Ali Kızıldağ Diyor ki;

Türkiye turizm gelirlerinde dünya dokuzuncusu olmuş bir ülke, campinglerden bugünlere turizm ve otelciliğin geldiği bu nokta tez konusu olur.

1983’te ki turizm teşvik yasasıyla ülkemiz turizmine kazandırılmaya başlanılan dünya çapındaki otellerimizle olumlu olan şu ki dünyada hiçbir turizm destinasyonunun göstermediği gelişmeyi gösteren bir Türkiye var. Dünyanın farklı ülkelerinden gelen turistler, 35 Milyar Dolar turizm geliri, 1,5 milyon istihdama sahip bir turizm potansiyelimiz var.

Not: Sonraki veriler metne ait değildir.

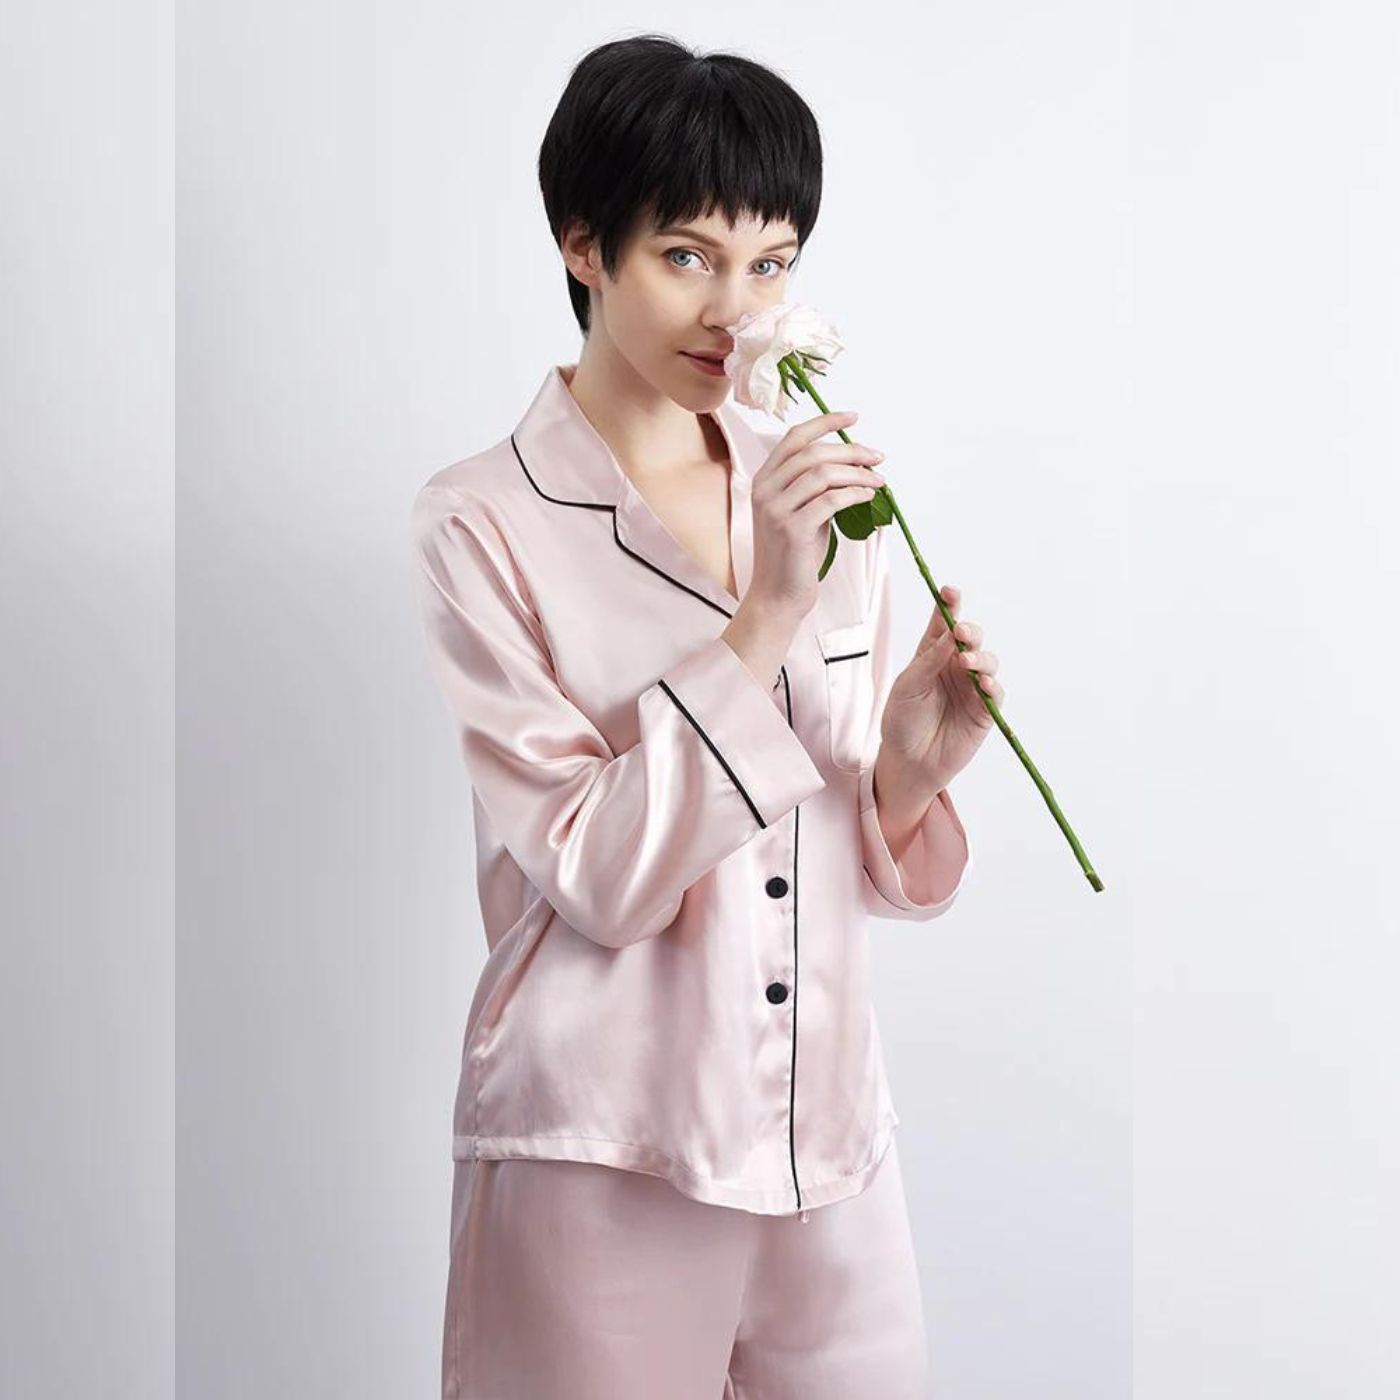 100% Mulberry Silk Real Pure Full Length Pyjamas Pajamas Set trousers shirt two pieces for Women 22 Momme MM Luxury nightwear sleepwear ladies light pink

Fakat Türkiye’nin imajıyla ilgili devam eden negatif yönde bir algıyla karşı karşıyayız. Turizmciler olarak 2014’ün son çeyreğinden itibaren aylardır devam eden negatif haber ve yayınların telafisi konusunu her fırsatta, her platformda gündeme getiriyoruz.  Son 7-8 aydır dünyada hangi kanalı açarsanız açın ya haber ya alt yazı ile Türkiye’de şu oldu, şu yok, bu yok gibi birçok olay çarpıtılıp olumsuz olarak veriliyor.  Bu milli bir meseledir, sağcısı solcusu topyekun Türkiye’nin imajının olumsuz yönde algılanmasına yönelik çalışmalara karşı devletin önderliğinde aksiyon almak gerekiyor.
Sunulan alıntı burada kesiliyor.